# SOURCE DATA
• • • • • • •
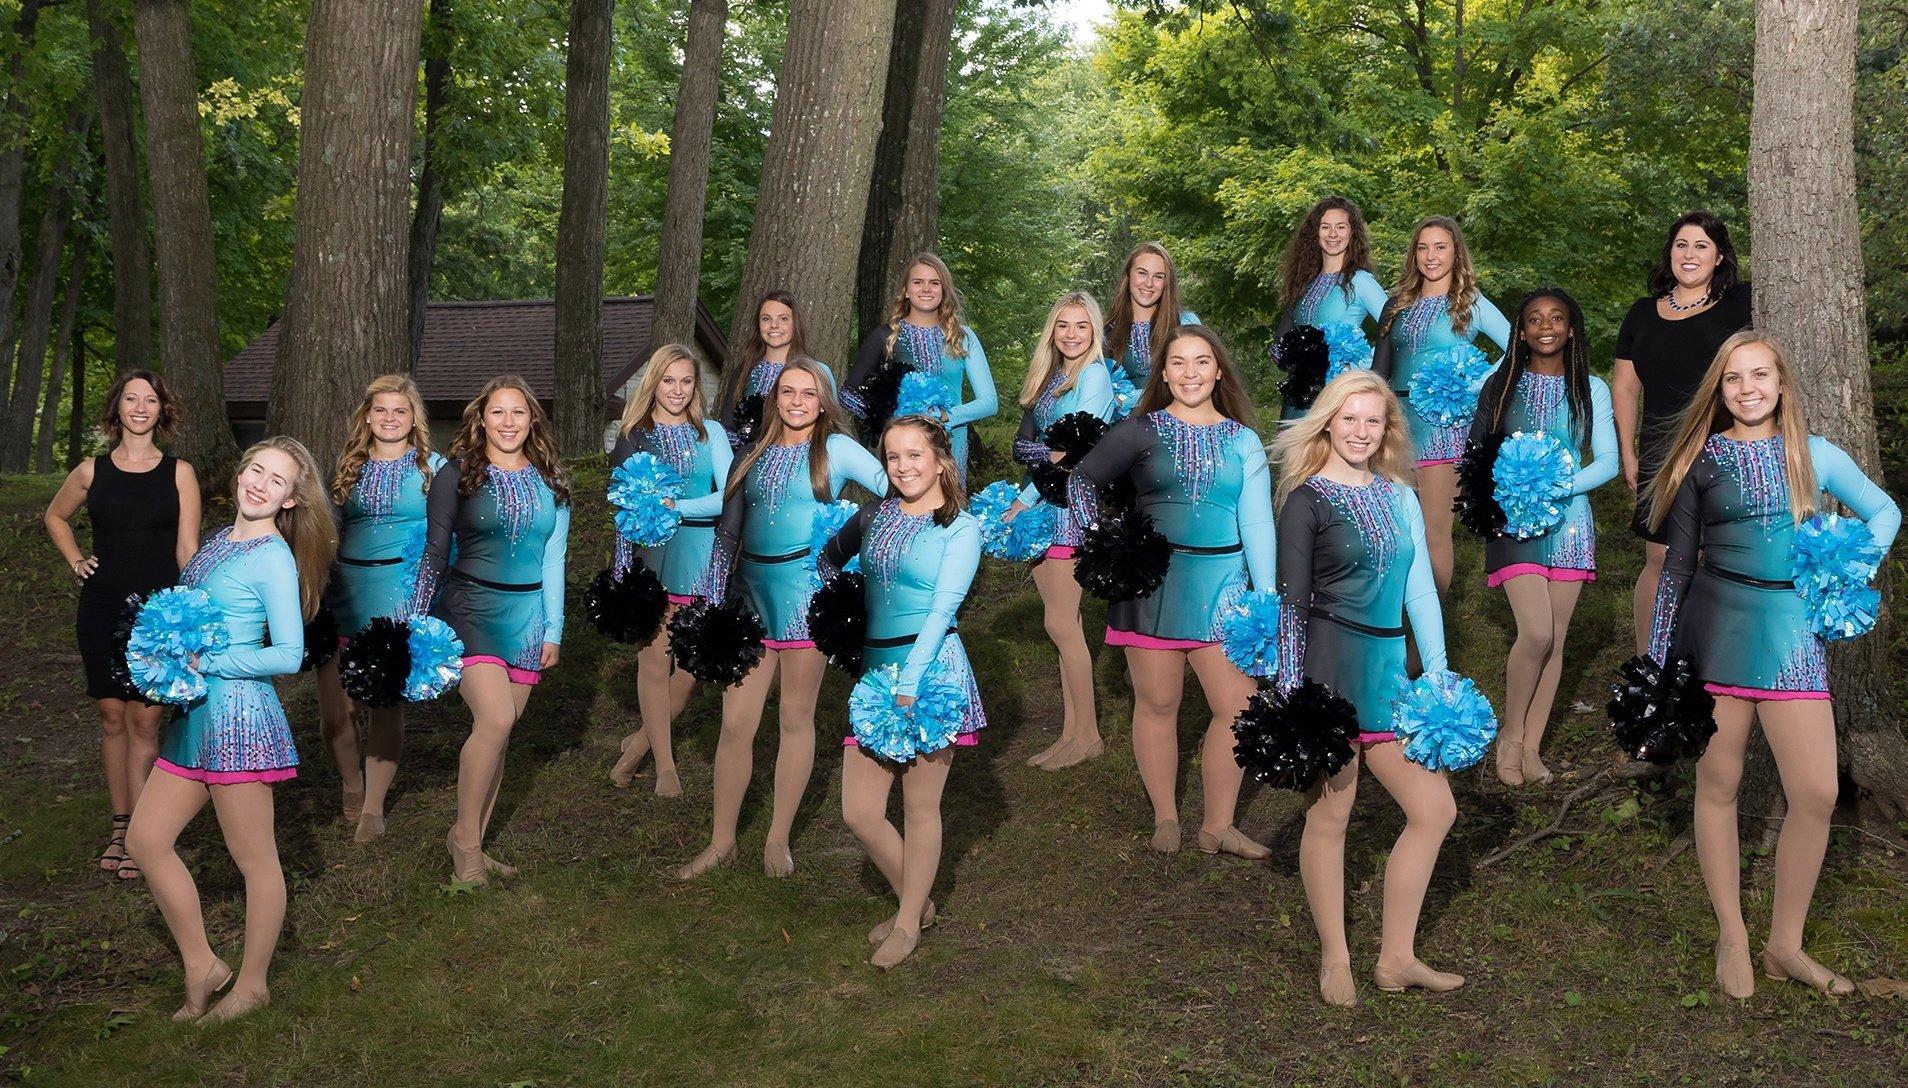 west bend west dance team color change pom uniform
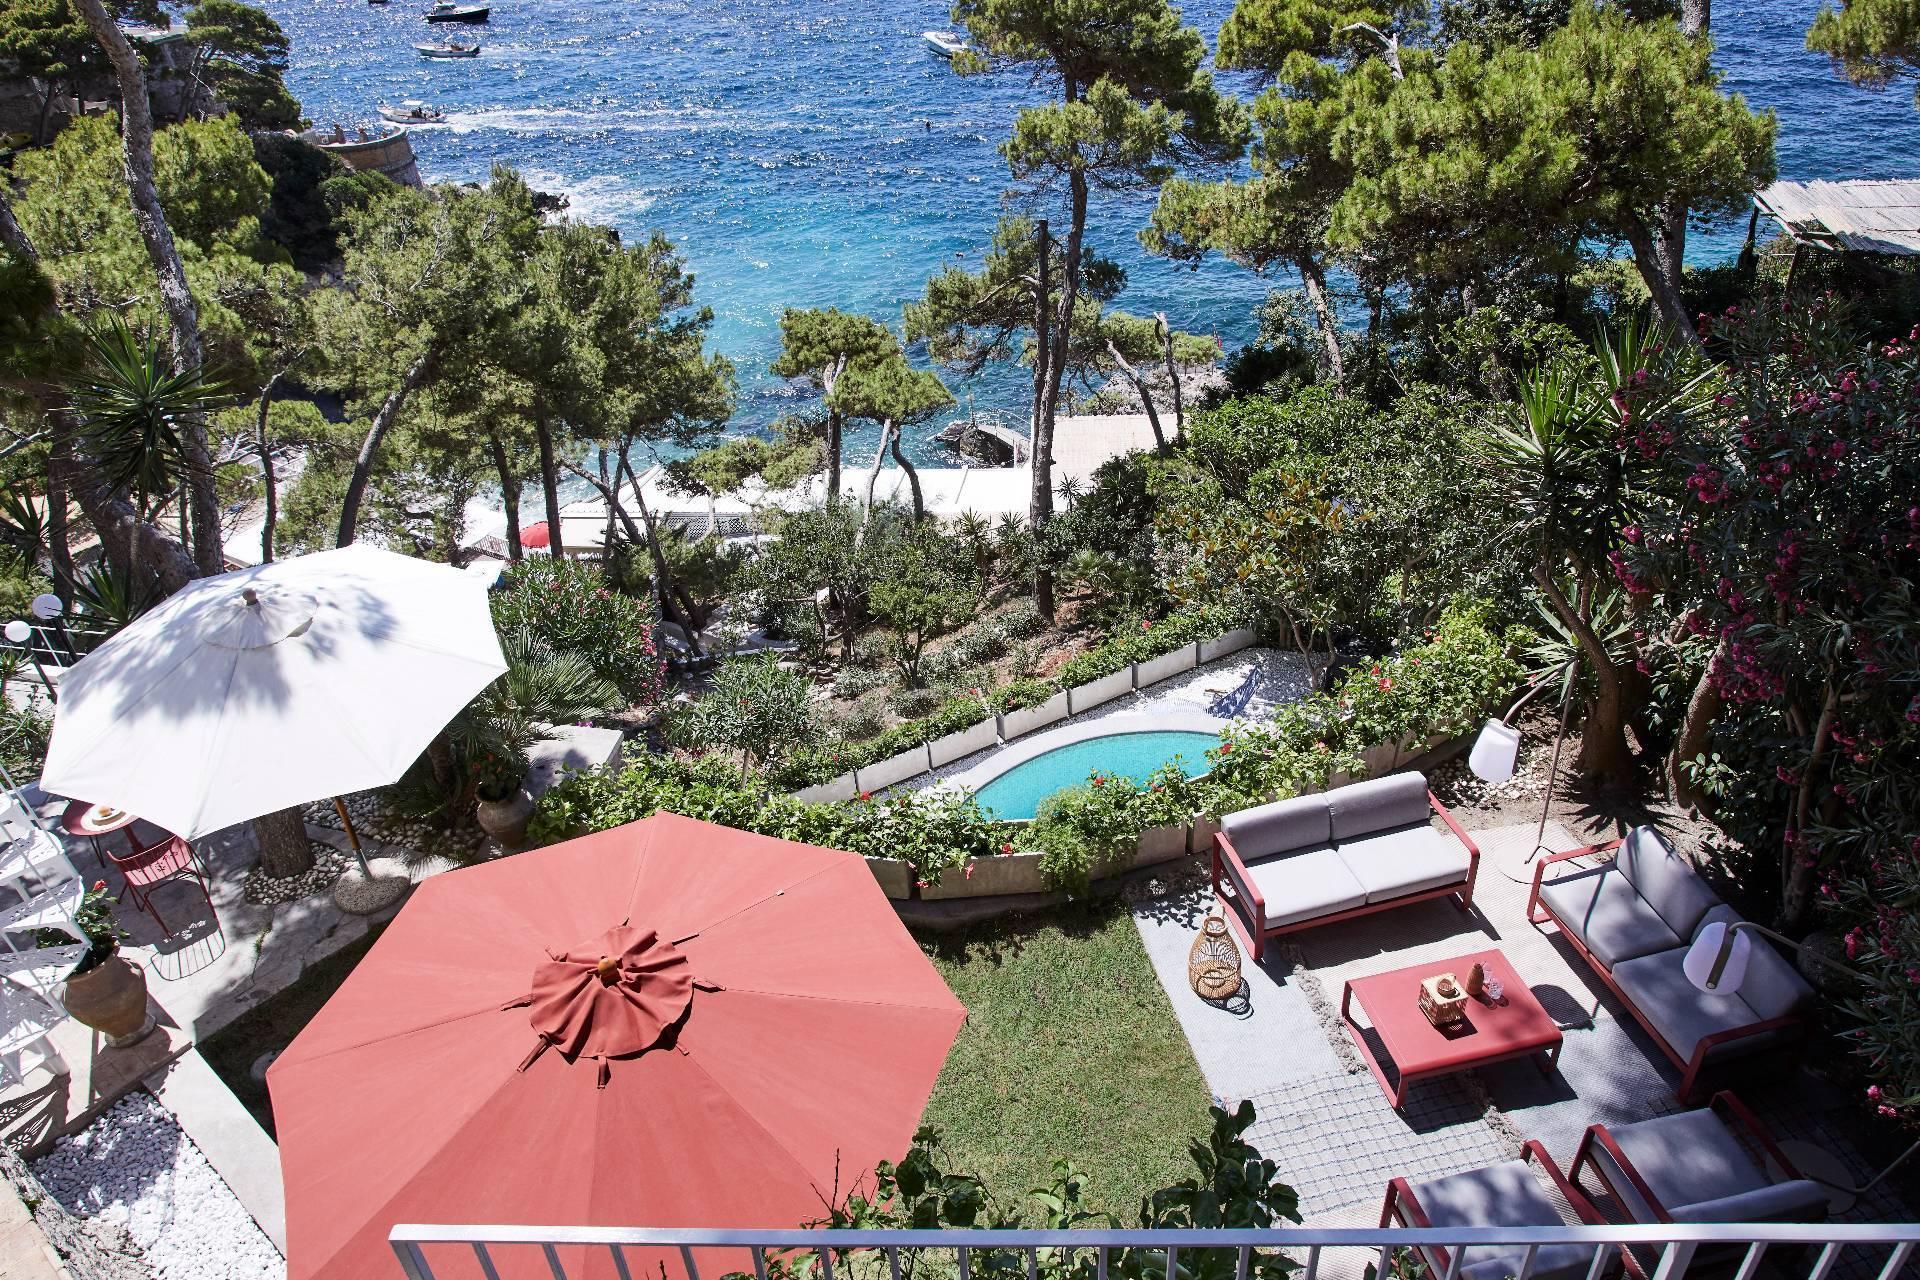 Pied-dans-l'eau Villa in Capri - 2
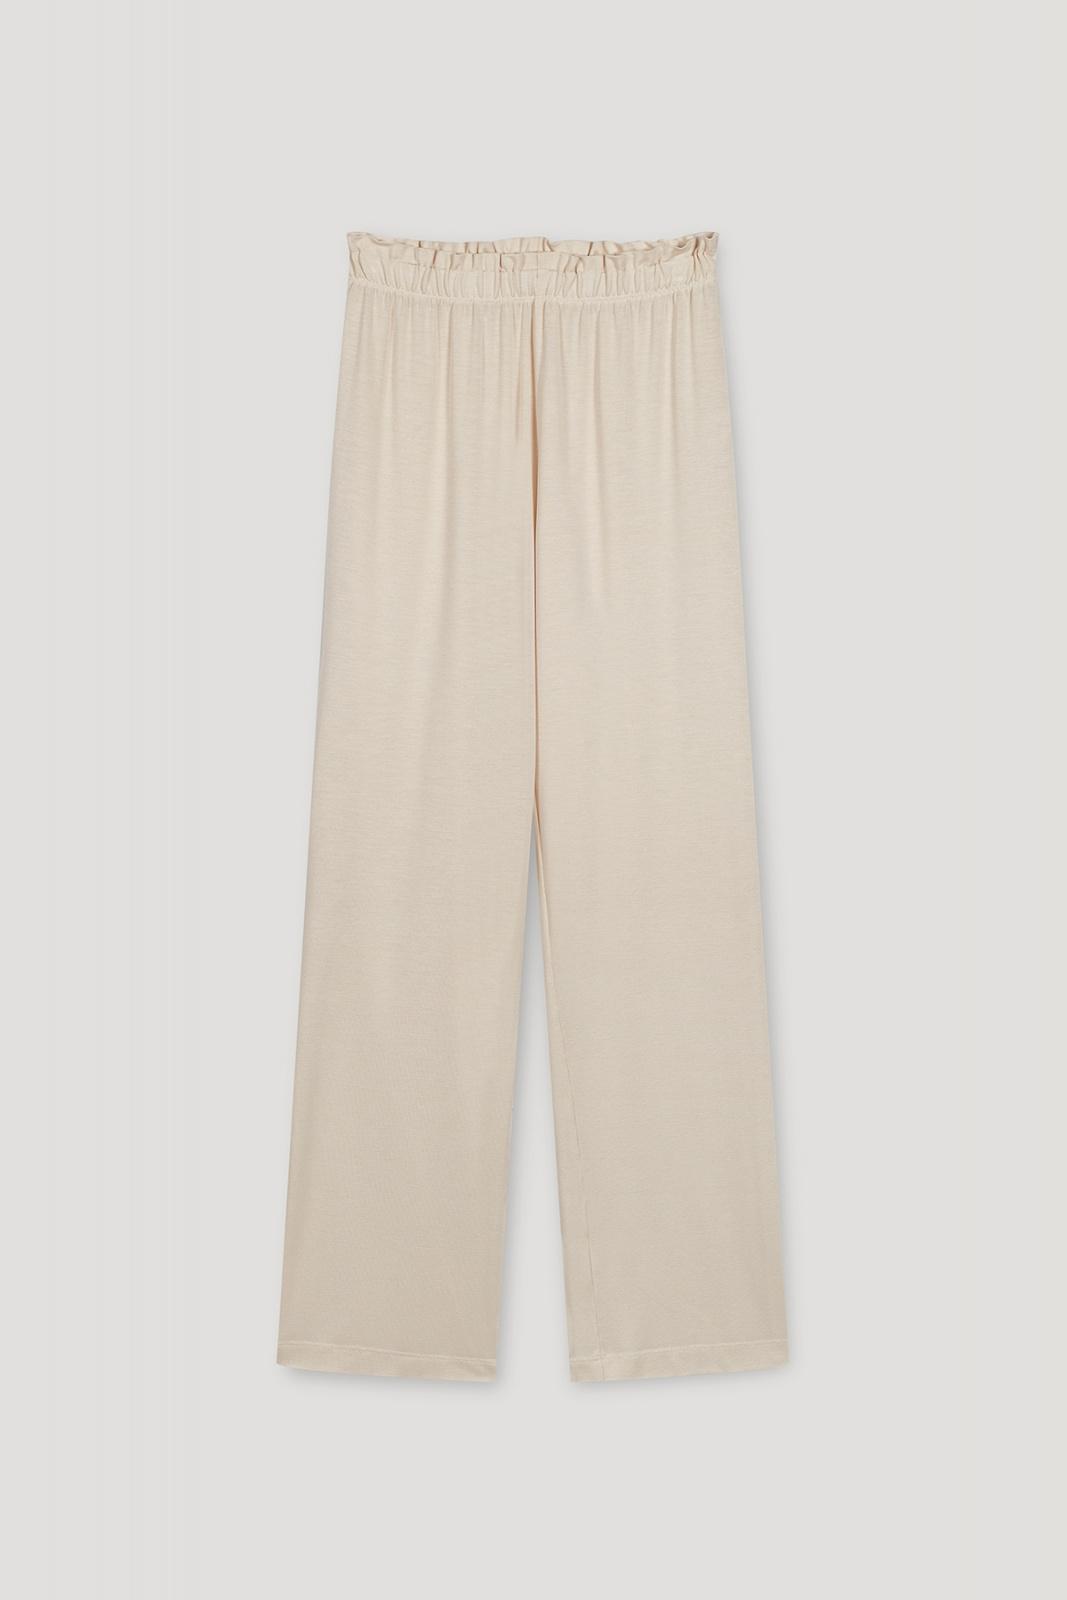 Chance Pants Pants, shorts Elementy
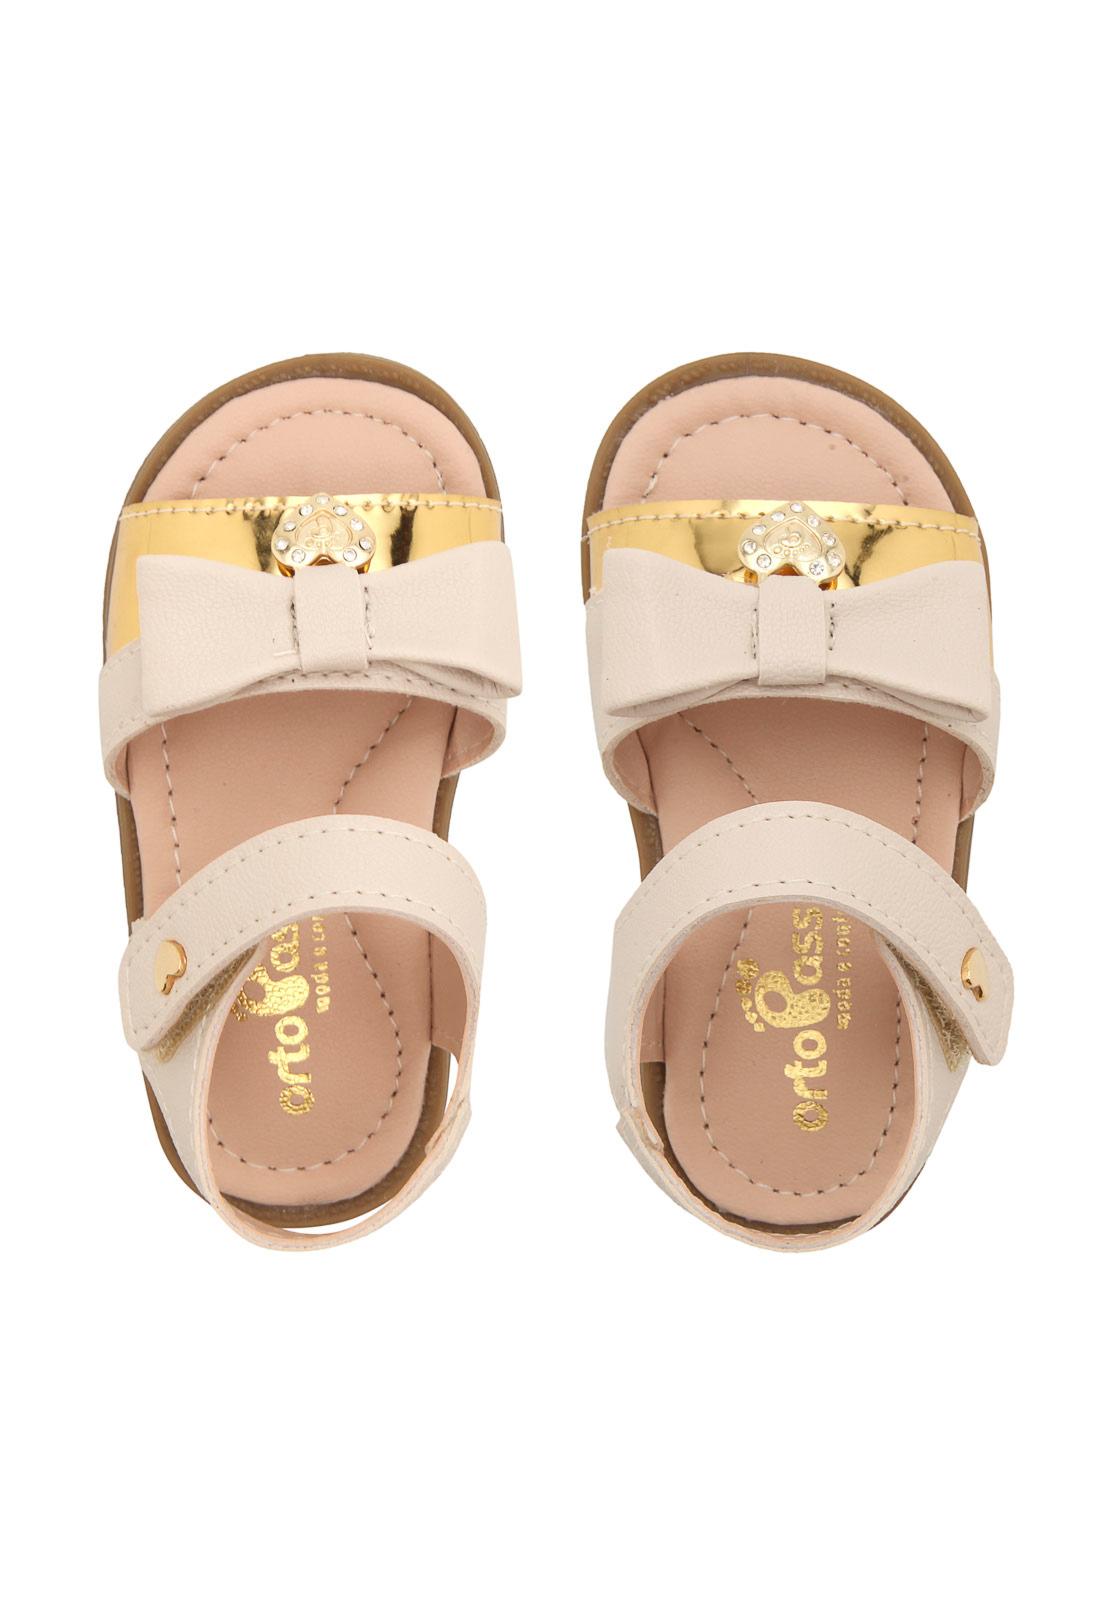 Sandalia Orto Passo Nude/Dourado Feminino 4427
• • • • • • •
# EXERCISE GOAL
Return the listing above word for word. Keep the images out.

# TASK SOLUTION
 west bend west dance team color change pom uniform
 Pied-dans-l'eau Villa in Capri - 2
 Chance Pants Pants, shorts Elementy
 Sandalia Orto Passo Nude/Dourado Feminino 4427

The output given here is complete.